Mobility network models of COVID-19
explain inequities and inform reopening.
If you are writing about or interested in our work, we highly recommend reading our FAQ for the main takeaways and for non-technical answers to common questions!
We model the spread of SARS-CoV-2 within 10 of the largest metropolitan statistical areas in the United States using dynamic mobility networks that encode the hourly movements of 98 million people between 56,945 neighborhoods and 552,758 points of interest (like restaurants, gyms, and grocery stores) using 5.4 billion edges. A video of our model in Chicago, starting from March 1, is shown below: from left, the plots show the total number of visits to points of interest in the mobility data; the model's predicted fraction of the population in the Susceptible, Exposed, Infectious, and Removed states; and the model's predicted geographic distribution of infections. After showing that our model accurately fits case counts, we use it to study the equity and efficiency of fine-grained reopening strategies.
What data do you use?
We use anonymized, aggregated data from SafeGraph, a company that tracks human movement patterns using cell phone data. Our data records how many people go to points of interest (POIs) like restaurants and grocery stores at every hour, and also records the neighborhoods they come from.
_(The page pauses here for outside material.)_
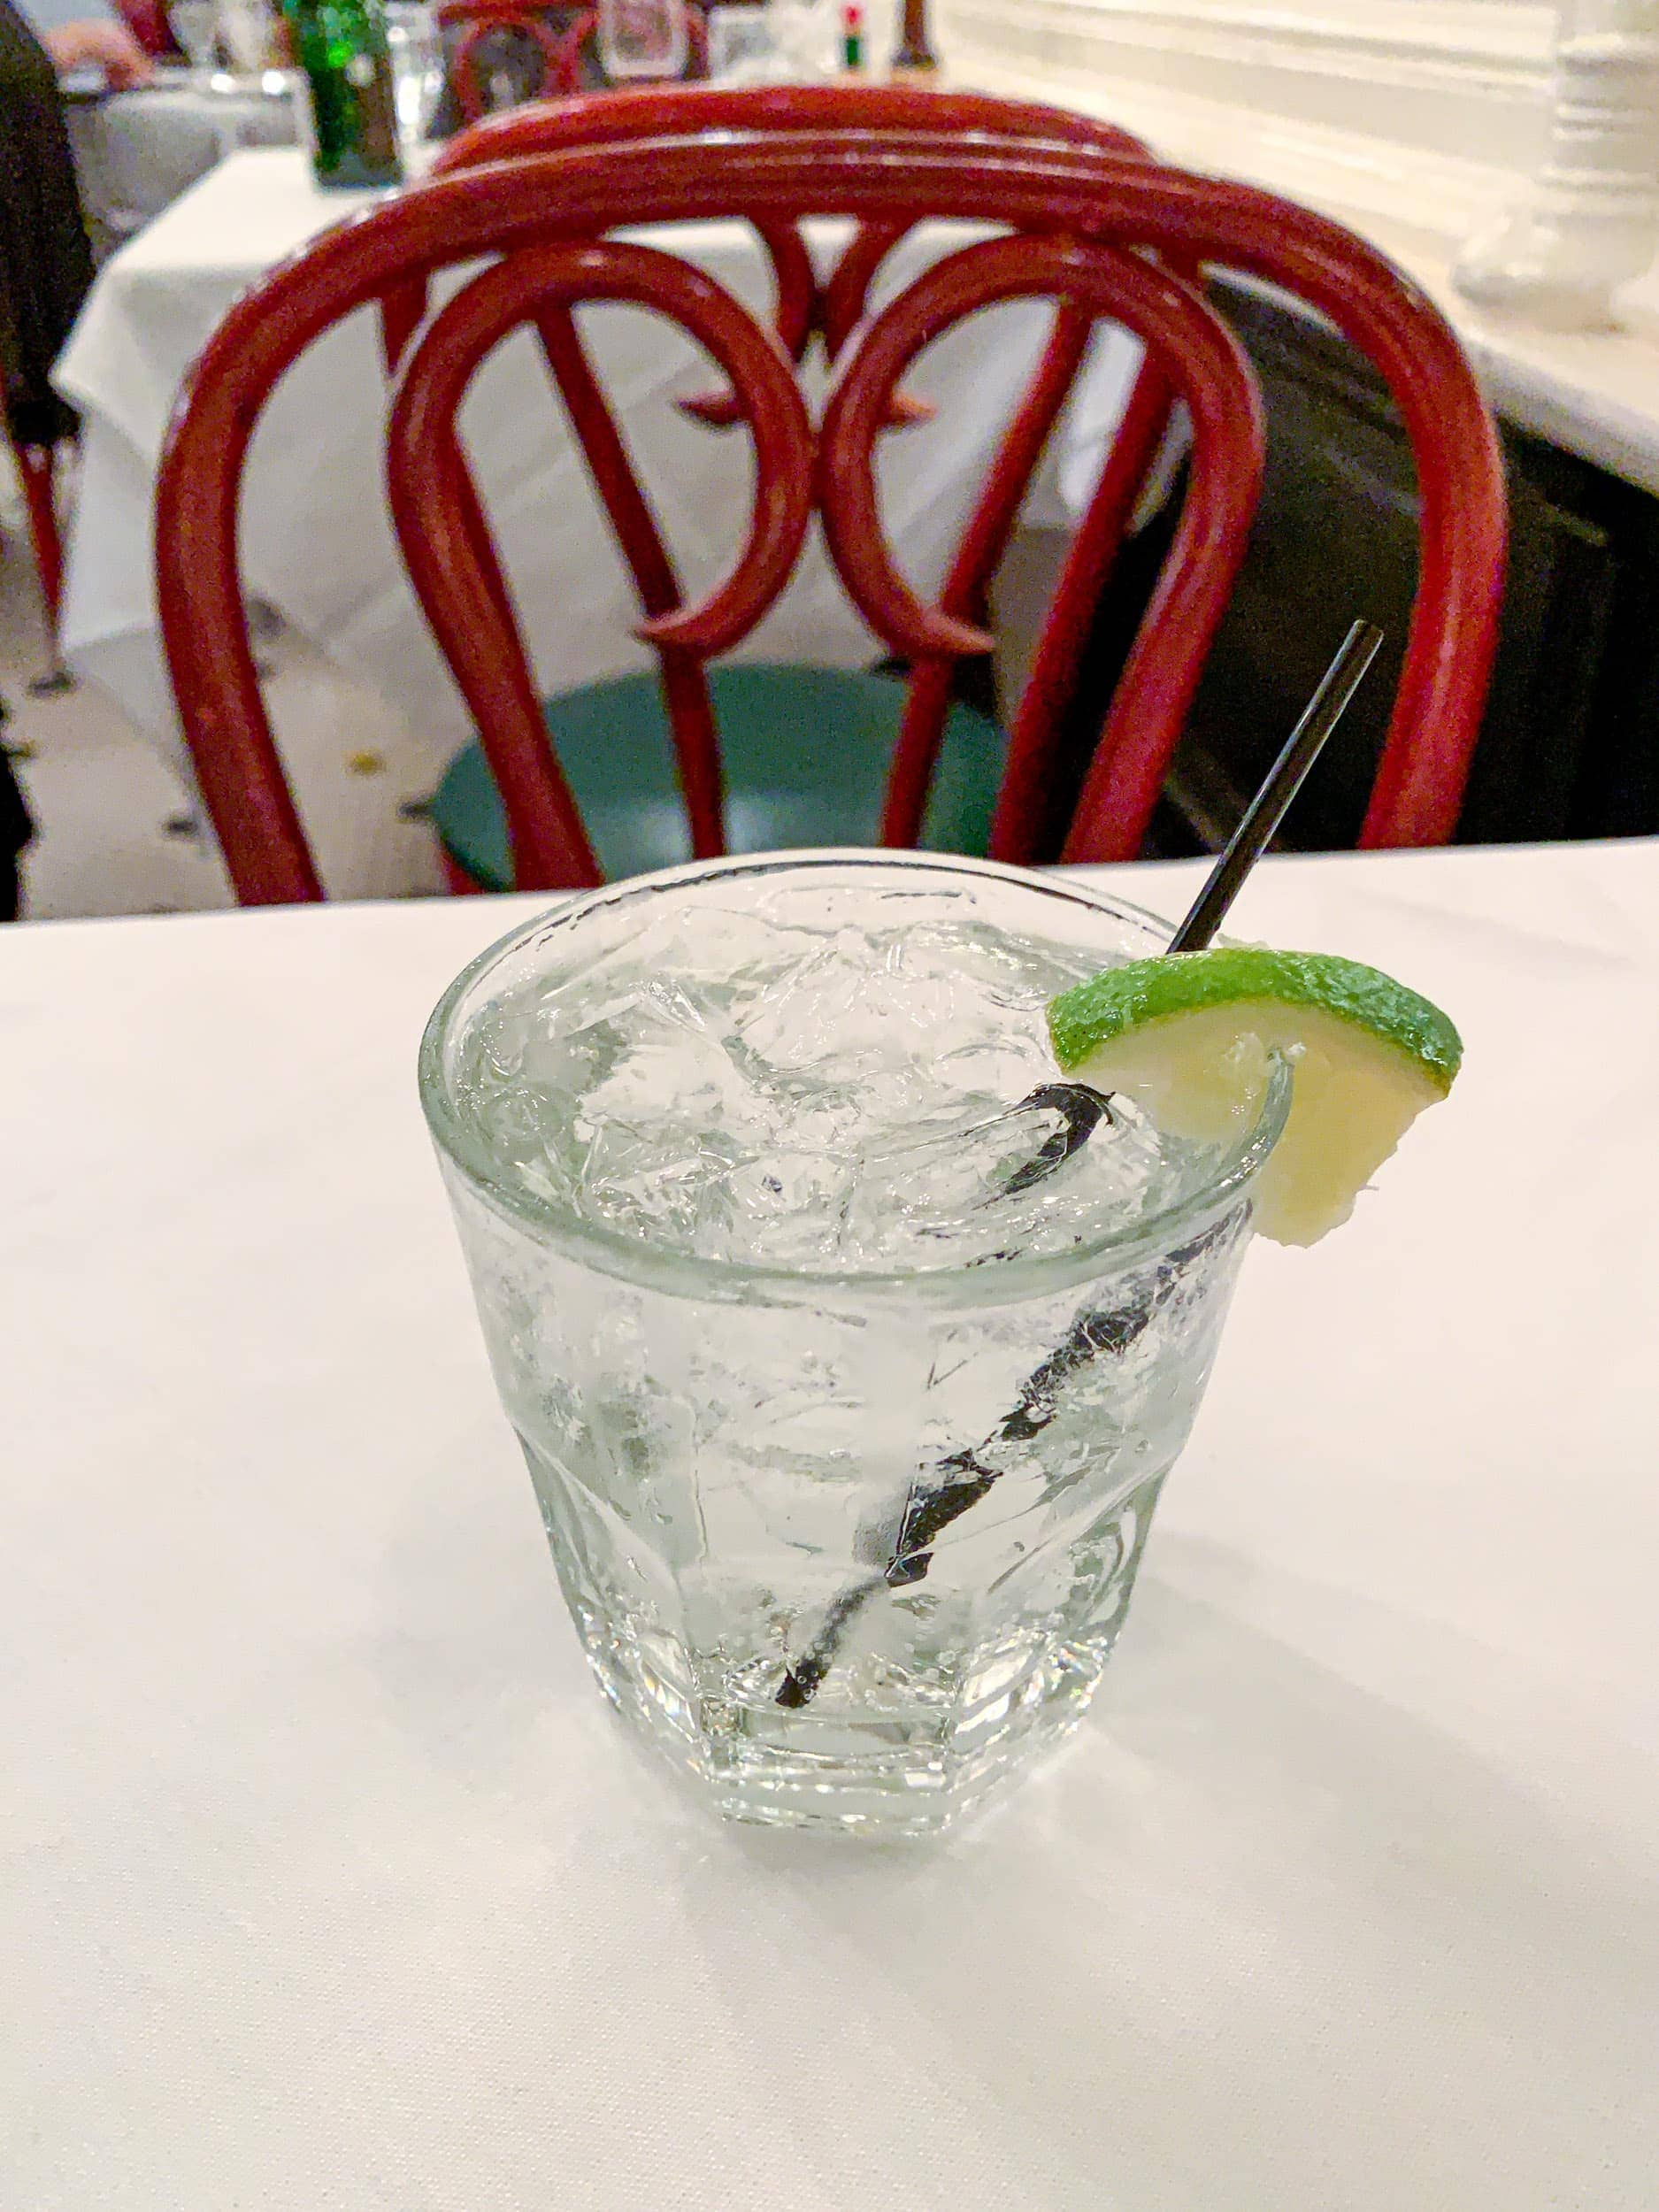 Hendrick's Orbium gin and tonic

What time period do you analyze?
We analyze data from the first wave of infections in the spring, from March to May 2020, in 10 large US metro areas. Please be careful to avoid overgeneralizing from that time period, because mobility patterns, infection rates, and the precautions that people take (like mask-wearing) have changed since then. We are working on analysis with more recent data.
How does your model predict infections?
Every neighborhood starts our simulation with some low level of infection; this represents the beginning of March 2020. As the simulation progresses hour-by-hour, people move around based on the mobility data. If there are multiple people visiting the same POI in the same hour, and some are infectious while others are susceptible, then our model predicts that there is some probability of new infections occurring. How large that probability is depends on the area of the POI, how long visitors stay there, and how many of the current visitors are infectious. Our model also gives people a chance of getting infected at home from household transmission. So, for every hour, we move people around, and we simulate the number of new infections happening at each POI and in each neighborhood at home. This is how we are able to model who is infected, where they are infected, and when they are infected.
Do you use data on how many people were infected
at different types of places?
No. While we use mobility data on how many people visited each different place, we calibrate our model for each metro area against the overall case counts for that metro area. While data on where people were infected might in principle come from contact tracing efforts, unfortunately, that kind of data was not available at a large scale in the areas that we studied.
What does your model say about the risks of different categories of places, like restaurants or gyms?
We model the risk of fully reopening a POI category: that is, how much would predicted infections increase if we returned this category to pre-pandemic levels of mobility without taking additional precautions like increased mask-wearing or occupancy caps. (Because we model the risk of reopening a category, we can find that a category is risky to reopen even if it was closed during most of the time period we study.) We find that on average across metro areas, reopening full-service restaurants, gyms, hotels, and cafes produces the largest predicted increase in infections. This is because 1) there are many POIs in these categories (especially restaurants), and 2) when fully reopened, these places tend to be relatively crowded with people spending long times there. Our analysis agrees with prior work about which categories of business are risky to reopen.
Importantly, the risk to society of fully reopening a category is not equivalent to how risky it is for you, as an individual, to visit a POI in that category now. There are a number of differences: 1) we study the risk of reopening the entire category, not the risk of one person visiting one of these places; 2) POIs within the same category vary a lot in how risky they are; 3) we study data from the spring, but nowadays many places have modified their levels of mobility and may also be taking additional precautions like mask-wearing.
What does your model say about "superspreader POIs"?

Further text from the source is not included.